Questo amplia la gamma di terapie per questa indicazione con un’opzione efficace e allo stesso tempo tollerabile, come ha dimostrato il Prof. Dr. med. Reinhard Dummer, Vicedirettore della Clinica di Dermatologia e Responsabile del Centro Tumori della Pelle presso l’Ospedale Universitario di Zurigo e primo autore dello studio COLUMBUS, rilevante per l’approvazione, in una conferenza stampa organizzata da Pierre Fabre sulla base dei dati attuali. L’inibizione di BRAF-MEK (BRAFTOVI® e MEKTOVI®) è stata approvata negli Stati Uniti nel luglio 2018 e nell’UE due mesi dopo. Da dicembre 2019, la terapia combinata è ora disponibile anche in Svizzera [1–3]. Dopo un lungo periodo senza progressi significativi nel campo della ricerca di opzioni terapeutiche per il melanoma BRAF-mutato, diversi inibitori di BRAF e MEK e immunoterapie hanno ricevuto l’autorizzazione alla commercializzazione in Europa dal 2011. La terapia combinata encorafenib/binimetinib, che ora è disponibile anche in Svizzera, si è dimostrata efficace e tollerabile nel melanoma avanzato mutato BRAFV600. Si tratta di un’altra pietra miliare nel progresso delle opzioni terapeutiche della medicina molecolare di precisione oncologica, che ha migliorato in modo significativo le probabilità di sopravvivenza per le persone colpite.

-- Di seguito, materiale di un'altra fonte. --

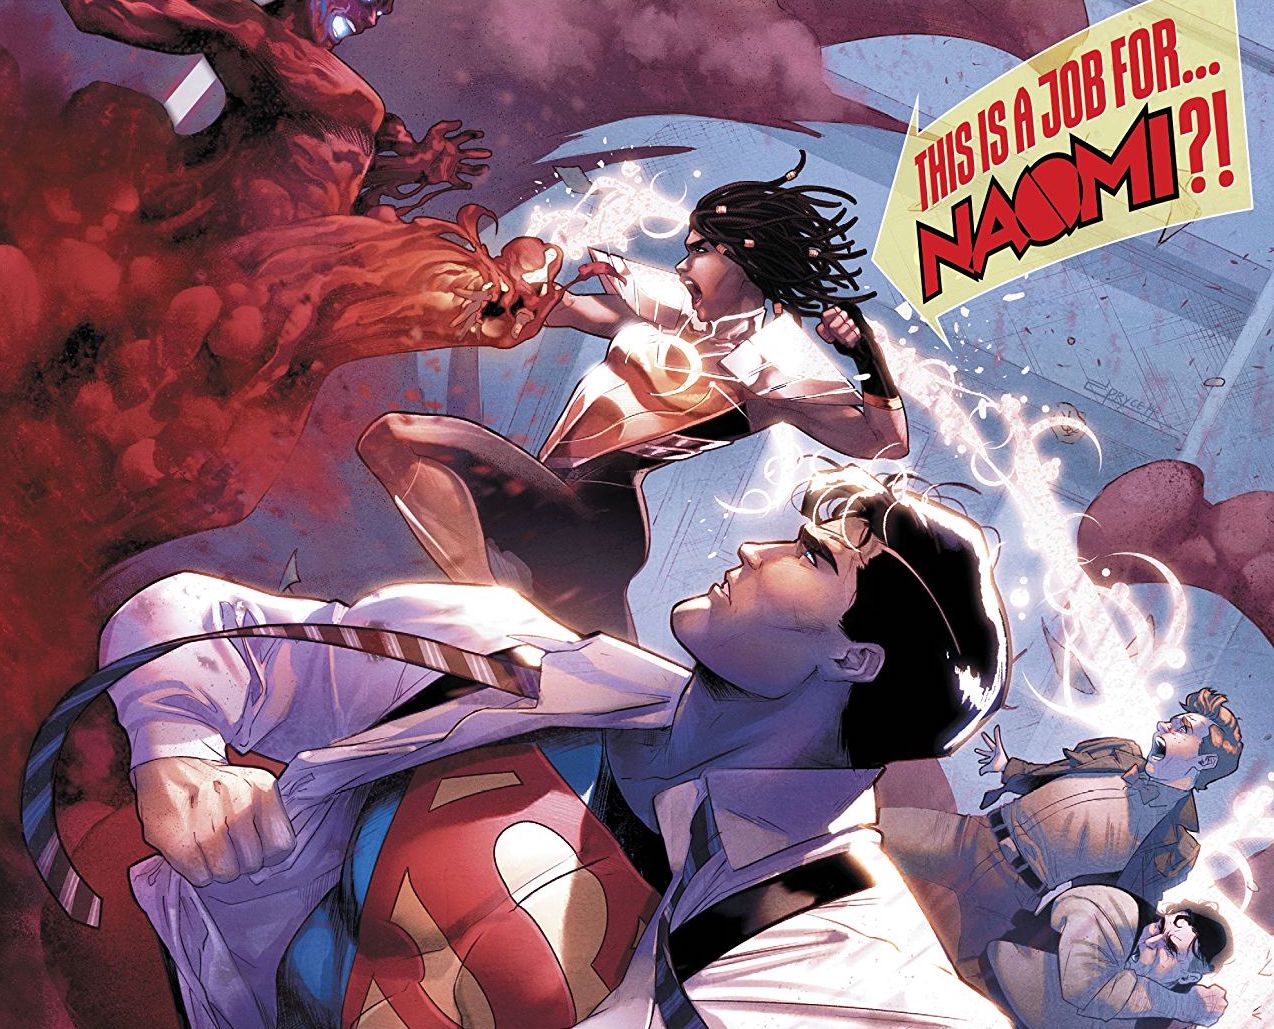 Action Comics #1016 Review: Enter Naomi!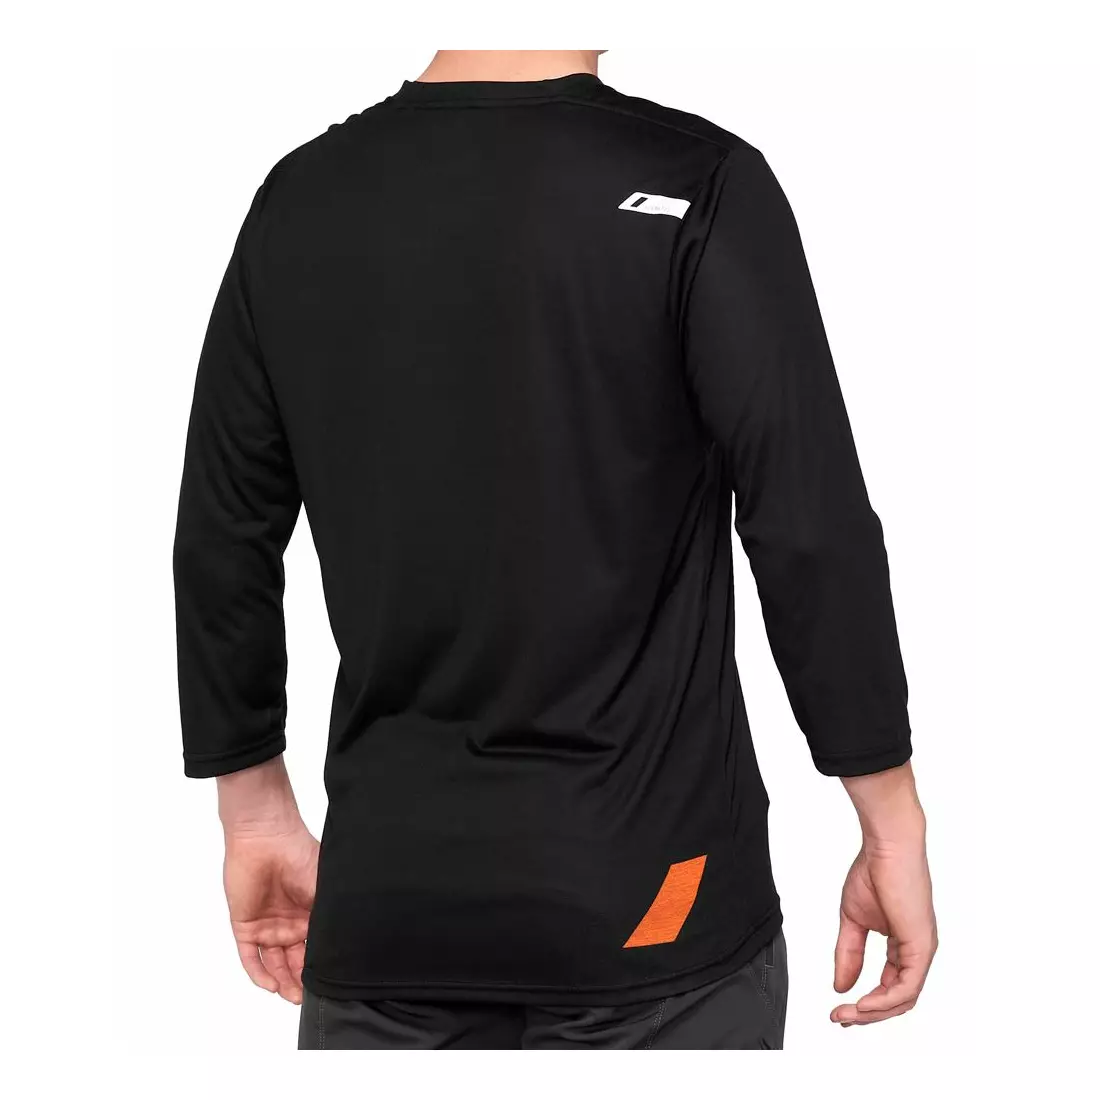 100% pánske tričko s rukávom 3/4 airmatic black orange STO-41313-260-10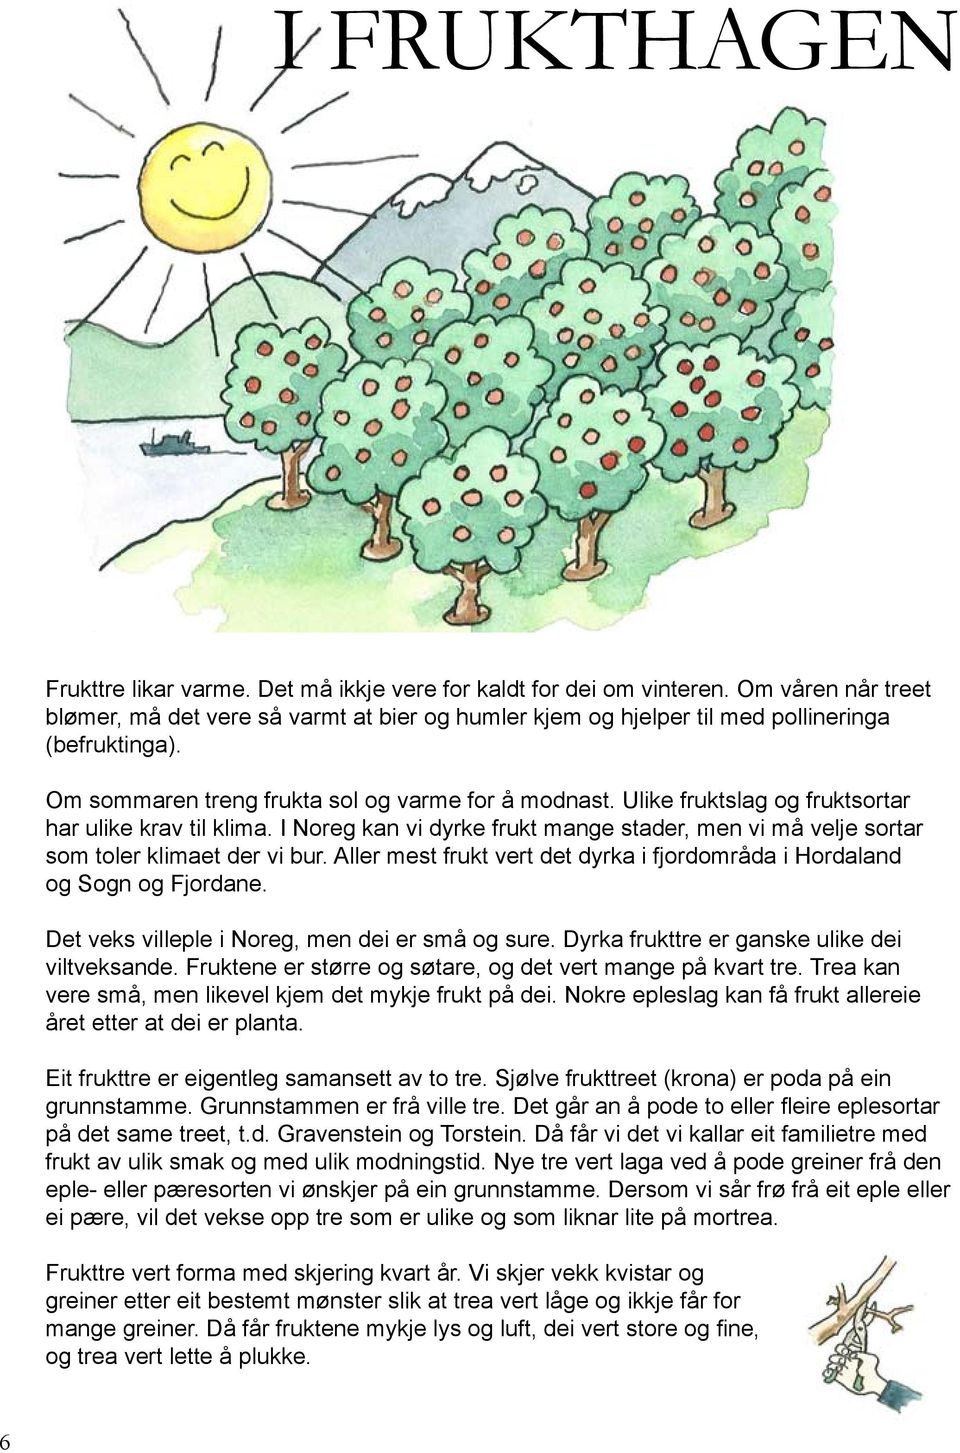 Ulike fruktslag og fruktsortar har ulike krav til klima. I Noreg kan vi dyrke frukt mange stader, men vi må velje sortar som toler klimaet der vi bur.

La combinazione porta a effetti migliori rispetto alla monoterapia
L’efficacia e la sicurezza sono state testate nello studio randomizzato, in aperto, controllato attivamente di fase III COLUMBUS [4]. Sono stati inclusi 577 pazienti con melanoma maligno localmente avanzato, non resecabile o metastatico con mutazione BRAFV600 (sottotipo V600 E o K). Encorafenib 450 mg (una volta al giorno) e binimetinib 45 mg (due volte al giorno) sono stati confrontati con la monoterapia con encorafenib 300 mg (una volta al giorno) e la monoterapia con vemurafenib 960 mg (due volte al giorno). Il Prof. Dummer, responsabile e primo autore dello studio COLUMBUS, sottolinea che il dosaggio molto più elevato di encorafenib è possibile quando viene combinato con l’inibitore MEK perché, a differenza della condizione di monoterapia, non si verifica un aumento dose-dipendente degli effetti collaterali, il che può essere spiegato dal meccanismo biologico di un’attivazione paradossale della via di trasduzione del segnale [1]. La randomizzazione ai tre bracci di trattamento è stata effettuata con un rapporto 1:1:1. Sebbene il pre-trattamento con l’immunoterapia fosse consentito in fase avanzata/metastatica, oltre il 90% dei pazienti ha ricevuto la terapia di studio di prima linea, ha spiegato il Prof. Dummer [1,4].
Risultati dello studio COLUMBUS
L’endpoint primario era la sopravvivenza libera da progressione (PFS) dopo la valutazione centrale con la terapia di combinazione rispetto alla monoterapia con vemurafenib. L’endpoint secondario principale era la PFS con la terapia di combinazione rispetto alla monoterapia con encorafenib e vemurafenib. Con una PFS mediana con la terapia di combinazione mirata di 14,9 mesi, encorafenib più binimetinib è stato significativamente superiore alla monoterapia con vemurafenib (7,3 mesi) (HR: 0,54; 95% CI: 0,41-0,71; p<0,0001) e anche meglio del solo trattamento con encorafenib (9,6 mesi; HR: 0,68; 95% CI: 0,52-0,90; p<0,007) [4].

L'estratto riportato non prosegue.